━━ DATA EXCERPTS ━━
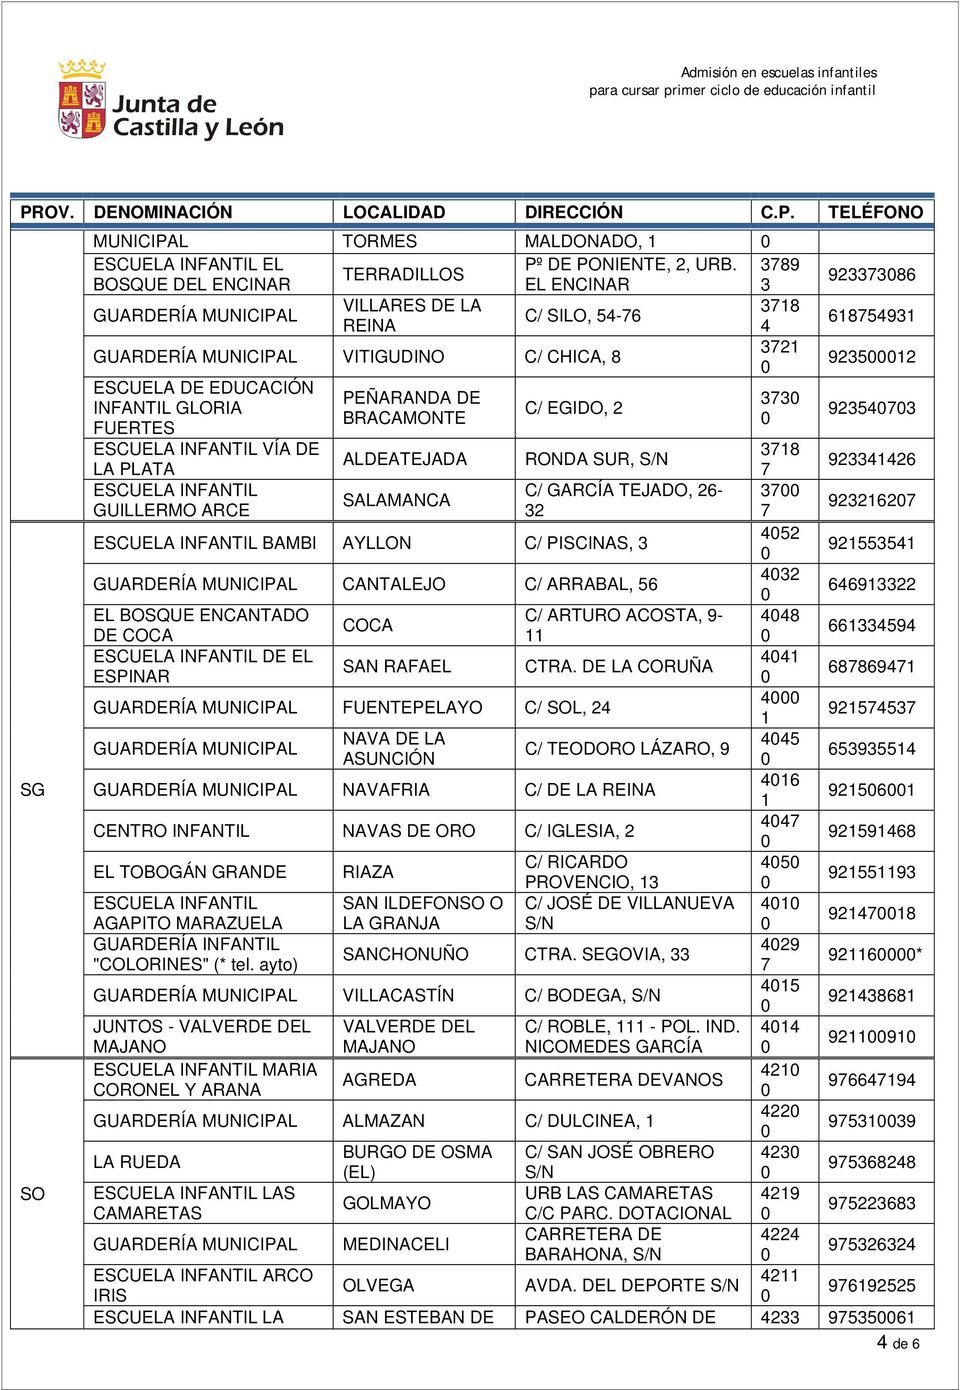 C/ GARCÍA TEJADO, 6- GUILLERMO ARCE 6 BAMBI AYLLON C/ PISCINAS, CANTALEJO C/ ARRABAL, 6 66 EL BOSQUE ENCANTADO C/ ARTURO ACOSTA, - COCA DE COCA 66 DE EL SAN RAFAEL CTRA.
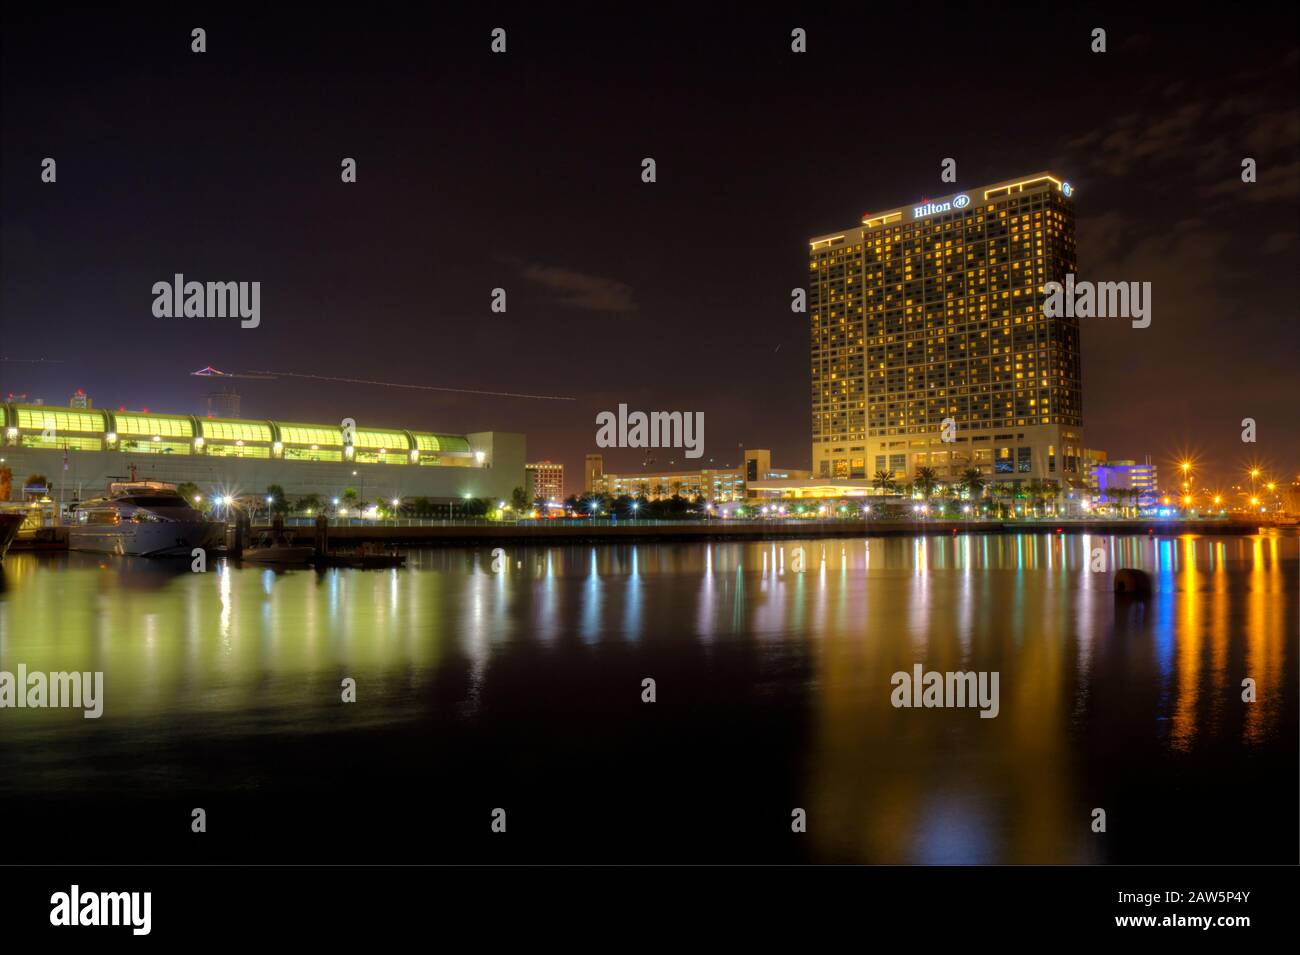 Immagine HDR di uno skyline parziale di San Diego, California visto dall'acqua con il Centro Congressi, Embarcadero Marina e l'Hilton Hotel afte Foto Stock
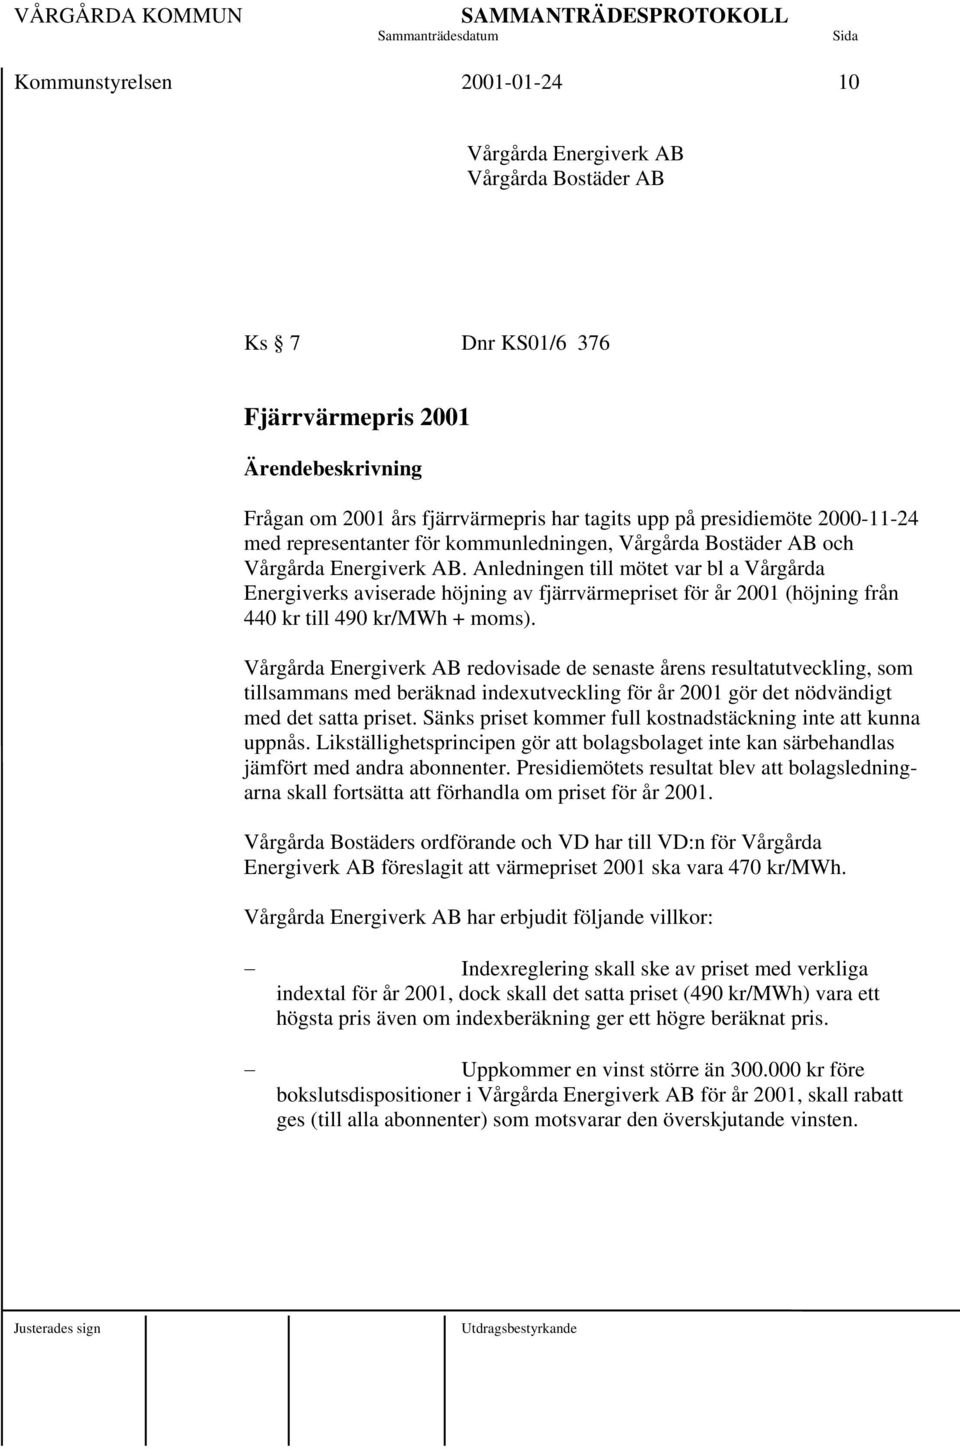 Anledningen till mötet var bl a Vårgårda Energiverks aviserade höjning av fjärrvärmepriset för år 2001 (höjning från 440 kr till 490 kr/mwh + moms).
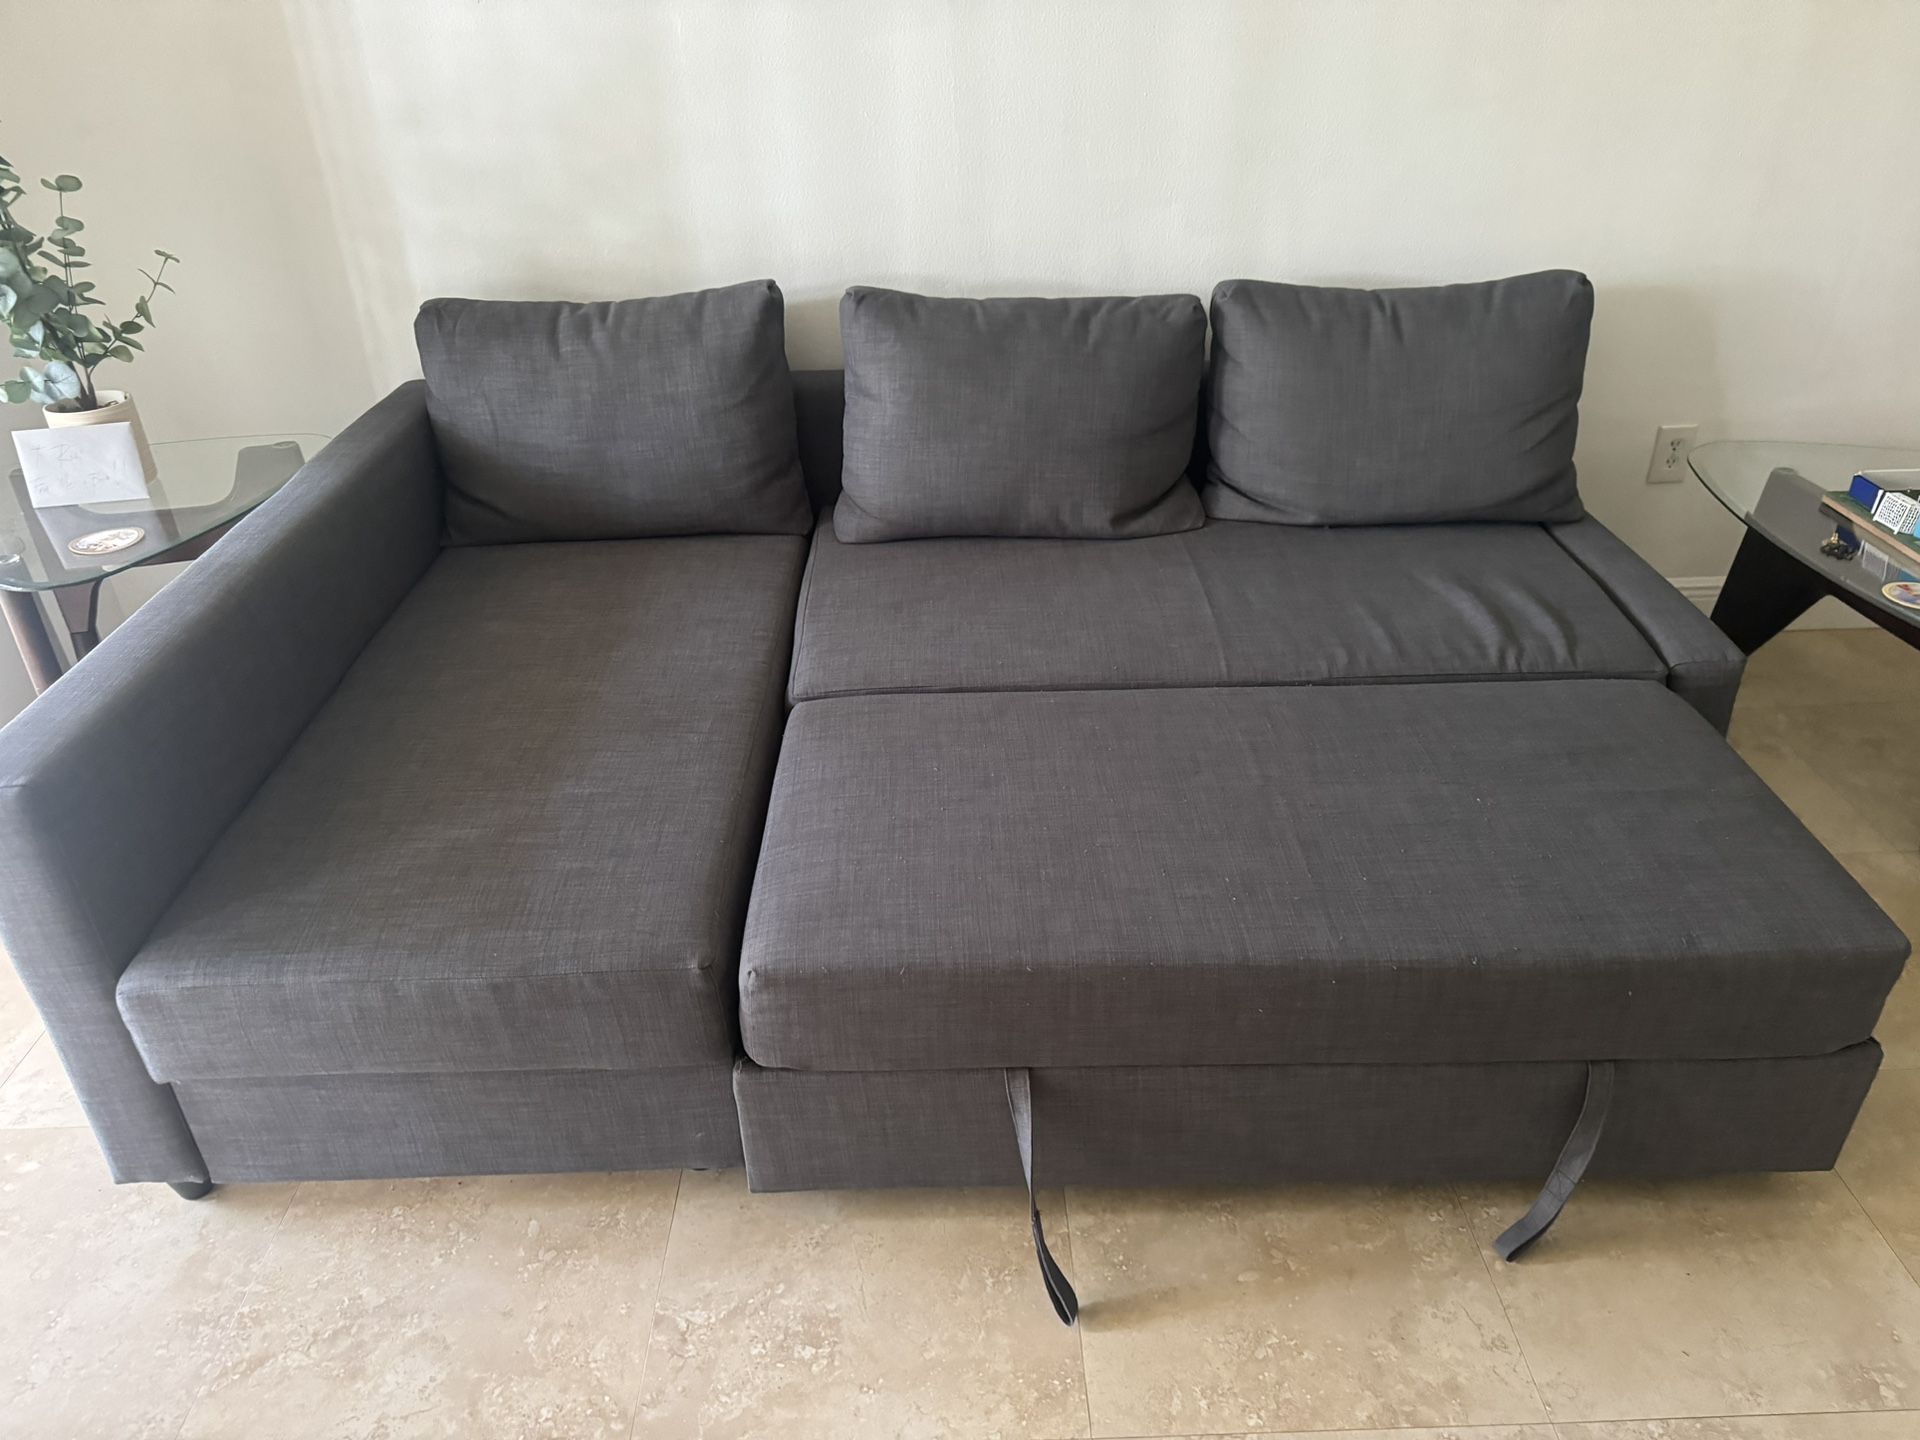 IKEA Friheten Sofa Bed 
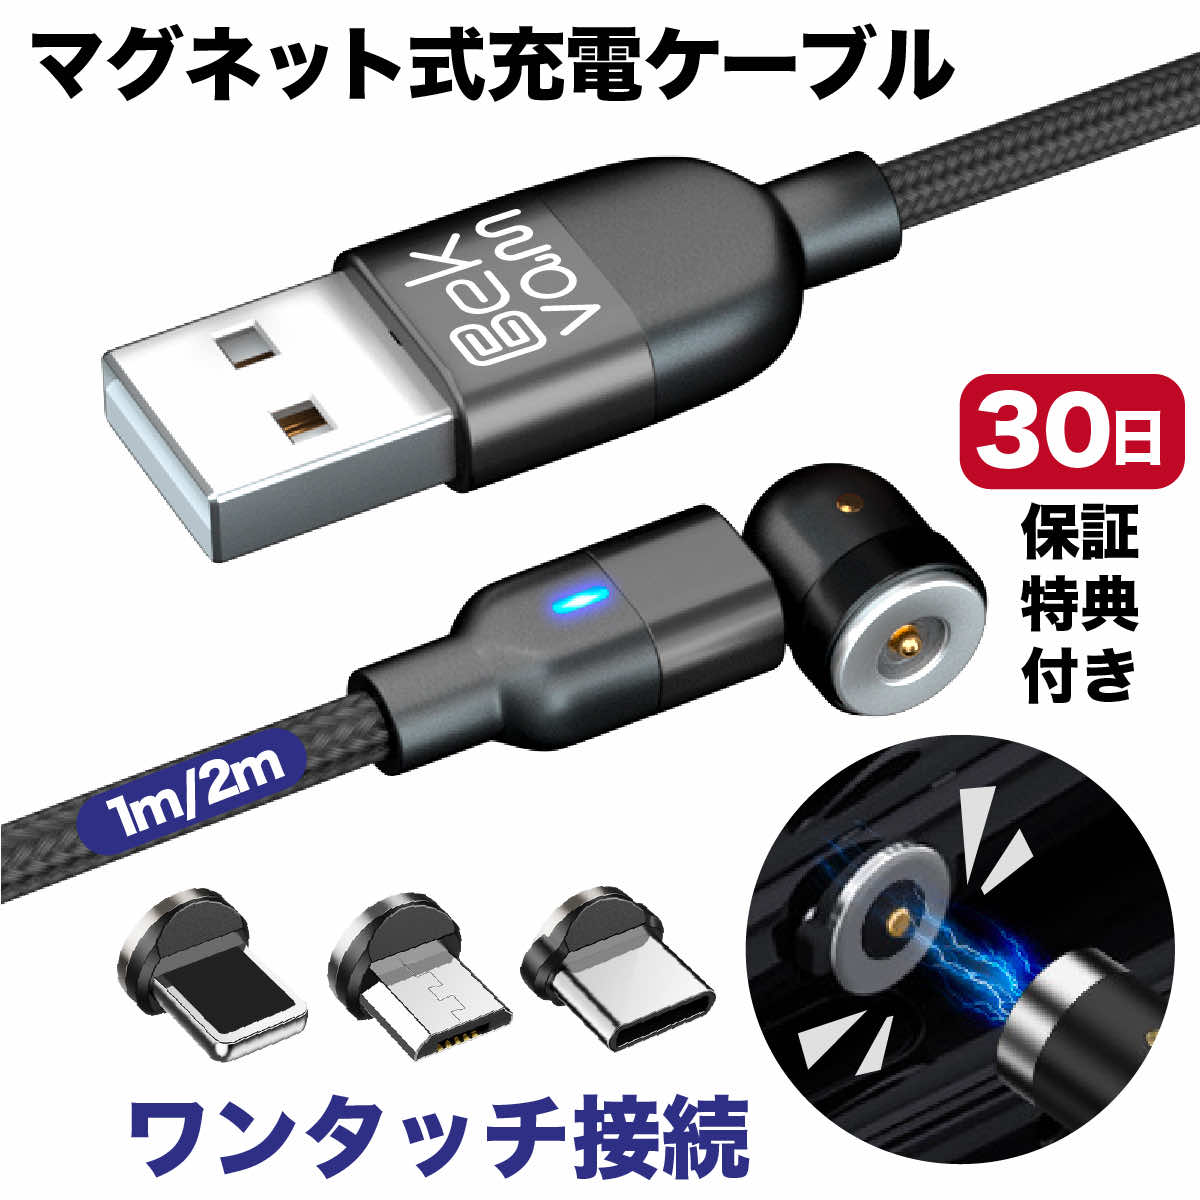 期間限定で特別価格 Micro-USB 50cm灰色１本曲るマグネット磁石式USB
━━━
No pictures belong in the answer. It must repeat exactly the lines from the line with "Anledningen till mötet" through the final line of the records.

 Anledningen till mötet var bl a Vårgårda Energiverks aviserade höjning av fjärrvärmepriset för år 2001 (höjning från 440 kr till 490 kr/mwh + moms).
 IKEA Friheten Sofa Bed 
 期間限定で特別価格 Micro-USB 50cm灰色１本曲るマグネット磁石式USB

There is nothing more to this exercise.